The same queue topology drives the engagement loop. Celery beat runs six scheduled
jobs — daily 9am vaccine, deworming and prescription reminders, a midnight
pet-birthday job, a Saturday-evening “post a picture of your pet” nudge, a
Monday-morning credits reminder — and those fan out through reminders_cron
without ever touching the SMS-critical path.
Every vendor behind an env var
When I built the storage and email layers, I put every external vendor behind
configuration rather than wiring it into code. File storage went through
django-storages with custom PublicMediaStorage / PrivateMediaStorage
subclasses; whether we hit the CDN or the origin was a single USE_SPACES_CDN
toggle. The database host was a PROD_MODE switch between two config blocks. The
broker, the email backend — all env-driven.
At the time this just felt tidy. What it actually bought me showed up years later. In October 2025 I moved the platform’s file storage from AWS S3 to DigitalOcean Spaces and its transactional email from SendGrid to Resend. Two vendor migrations that, on a codebase wired the wrong way, are a rewrite and a scary weekend.
Here they were env changes:
# S3 → DigitalOcean Spaces: same S3Boto3 backend, new endpoint + keys
AWS_S3_ENDPOINT_URL=https://blr1.digitaloceanspaces.com
AWS_S3_REGION_NAME=blr1
USE_SPACES_CDN=true
# SendGrid → Resend: still SMTP, just a different host
EMAIL_HOST=smtp.resend.com
Rebuild the image for linux/amd64, promote it, done. I wrote a one-page deploy
runbook and moved on. No model changed, no view changed. An abstraction I put in as
an early-career reflex quietly paid for itself half a decade later.
Shipping fast, wearing five hats
I want to be honest about what this was: early-career, solo, full-stack, on a real deadline. I was designing the domain model and writing the React dashboard and standing up the Docker images and deciding how a groomer’s bill differs from a receptionist’s. The clinic domain core alone — Clinic, Doctor, Vaccine, Prescription, Bill, ShopBill, ShoppingCart, Groomer, GroomingBill and more — is one 882-line models file I owned end to end.
2021 was the heavy build year: 56 of the project’s 92 backend commits landed then — multi-clinic support, the wallet and cashback system, the per-queue Celery split. Then it settled. 2022 added in-app notifications mirroring the SMS reminders. In February 2023 I did one deliberate performance pass — and did it the right way round: added New Relic APM first, then used what it showed me to swap gunicorn’s sync workers for gevent and fix the querysets that were actually slow.
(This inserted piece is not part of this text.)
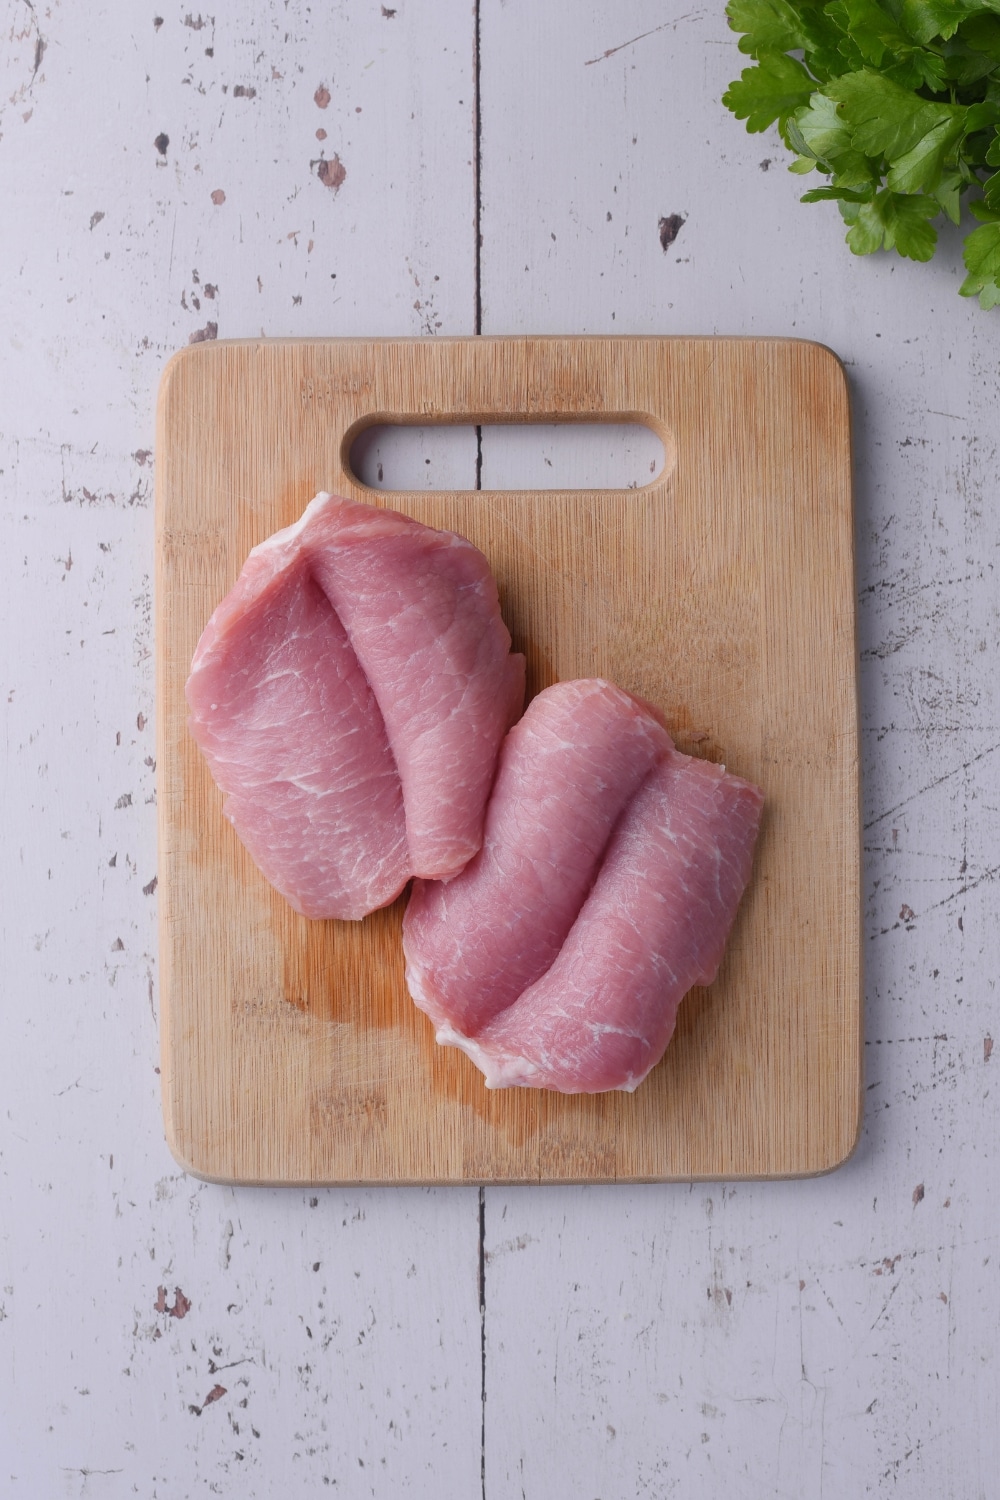 Raw pork chops sliced down the middle and opened on a wooden cutting board.

Observability before optimization, not guessing.
I also kept the legacy top-level API routes (/auth/, /pets/, /doctor/) alive
alongside newer /v1/-namespaced endpoints, so already-deployed mobile clients
never got a forced breaking migration. Every one of those calls was mine to make —
I led the product, I did not just execute tickets against someone else’s spec.
What made it durable
None of the durability came from cleverness. It came from boring, maintainable tech; from putting every vendor behind config so change was cheap; from splitting work by urgency so the important path stayed fast; and from not breaking clients I had already shipped to. A team of one cannot afford heroics, so I optimised for the thing that lets one person walk away and come back years later to a system still running. In 2024 I got to test that directly: I walked away for a year, and the platform did not notice.